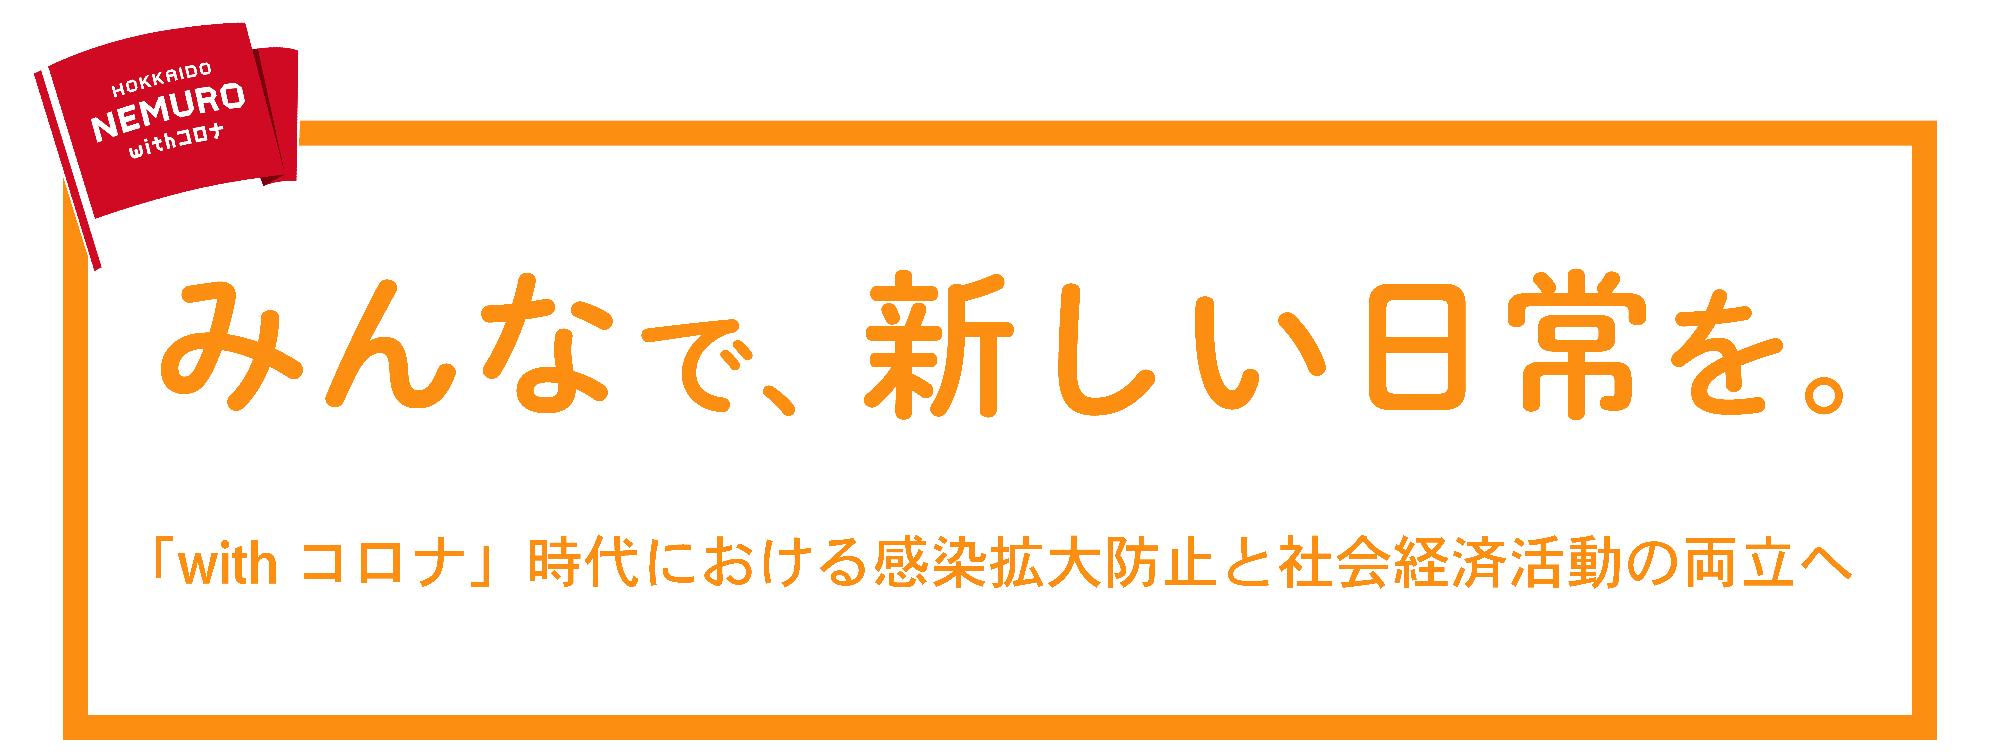 コロナ 釧路 クラスター 釧路地方の接待飲食店で集団感染…札幌以外で初 北海道27人陽性
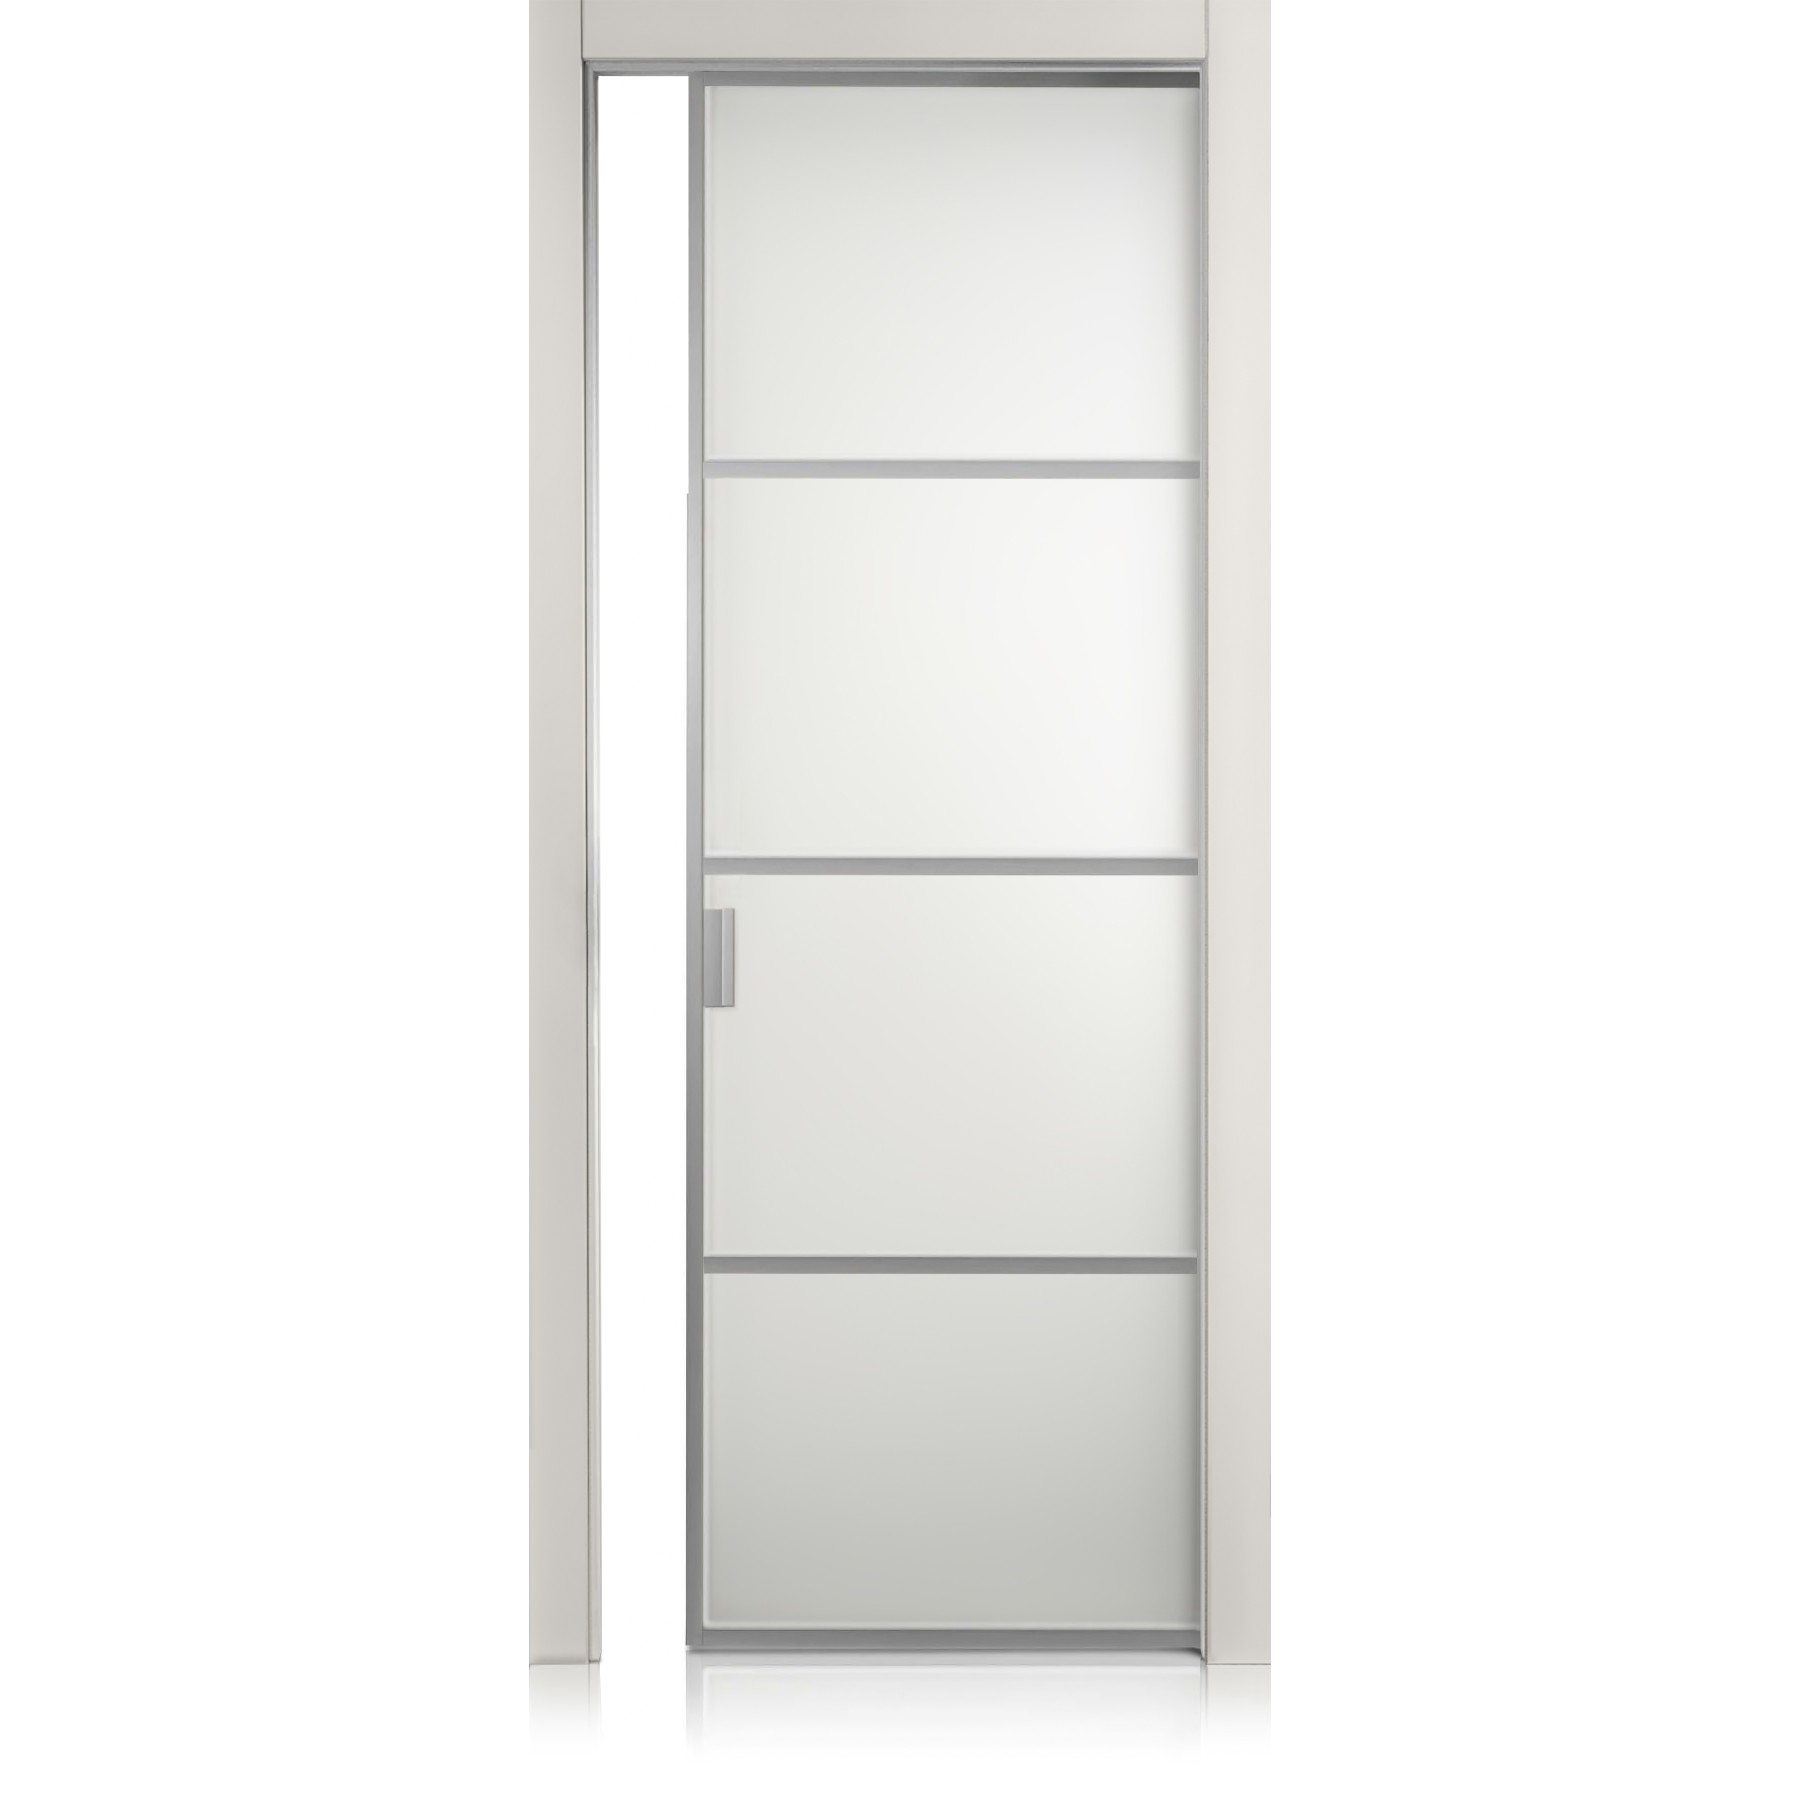 Cristal Frame / 3 grigio lux door
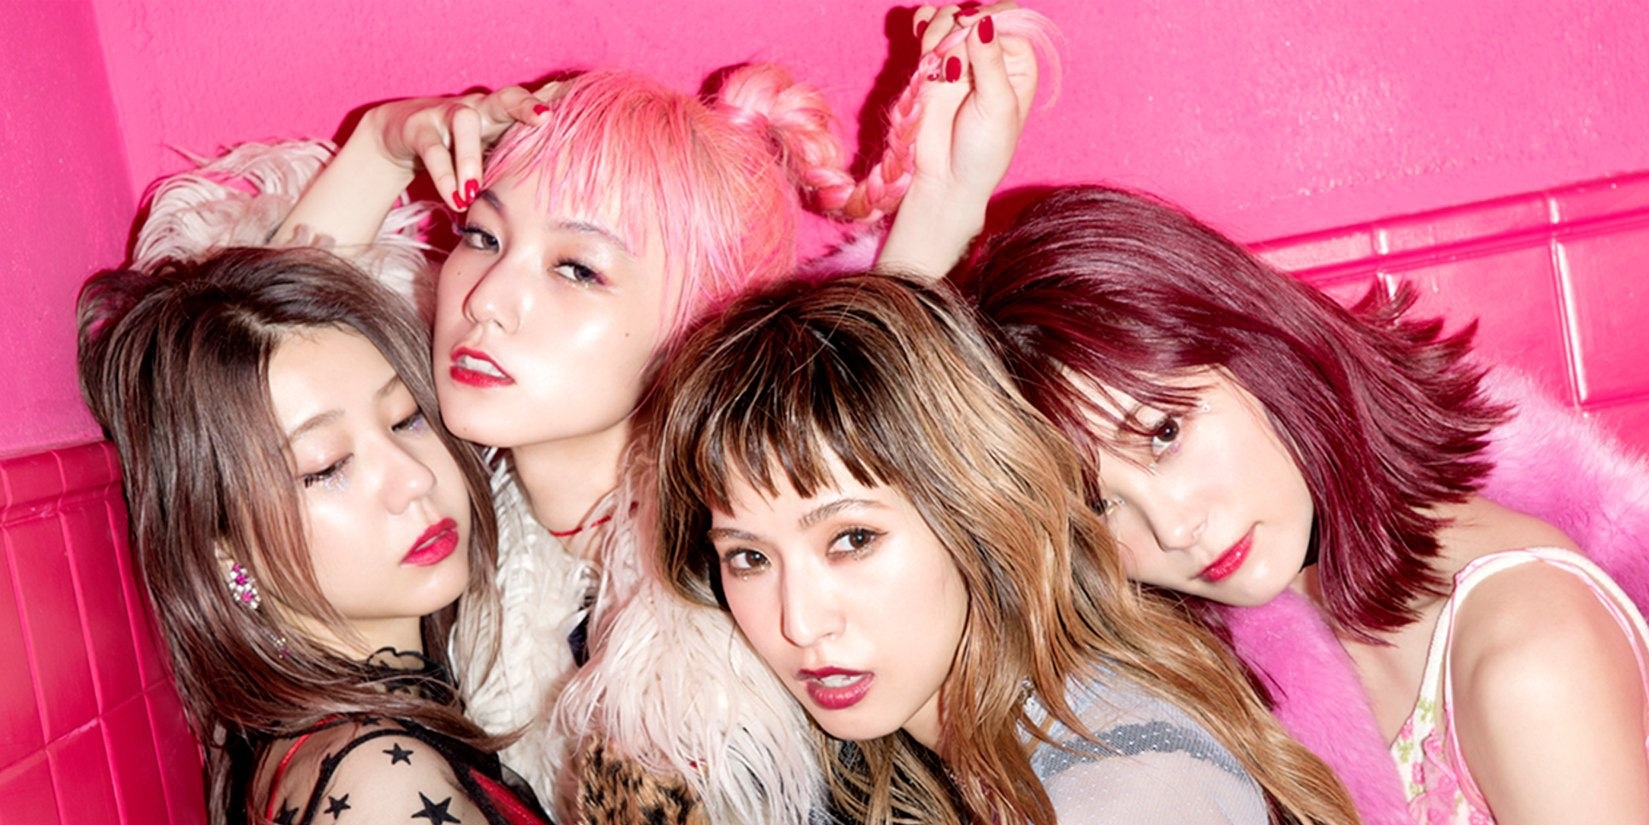 Japanese rock band Scandal to make Manila debut
++++
PROBLEM DESCRIPTION: Reproduce the listing above exactly, excluding all pictures.

TASK SOLUTION:
 コロナ 釧路 クラスター 釧路地方の接待飲食店で集団感染…札幌以外で初 北海道27人陽性
 Cristal Frame / 3 grigio lux door
 Japanese rock band Scandal to make Manila debut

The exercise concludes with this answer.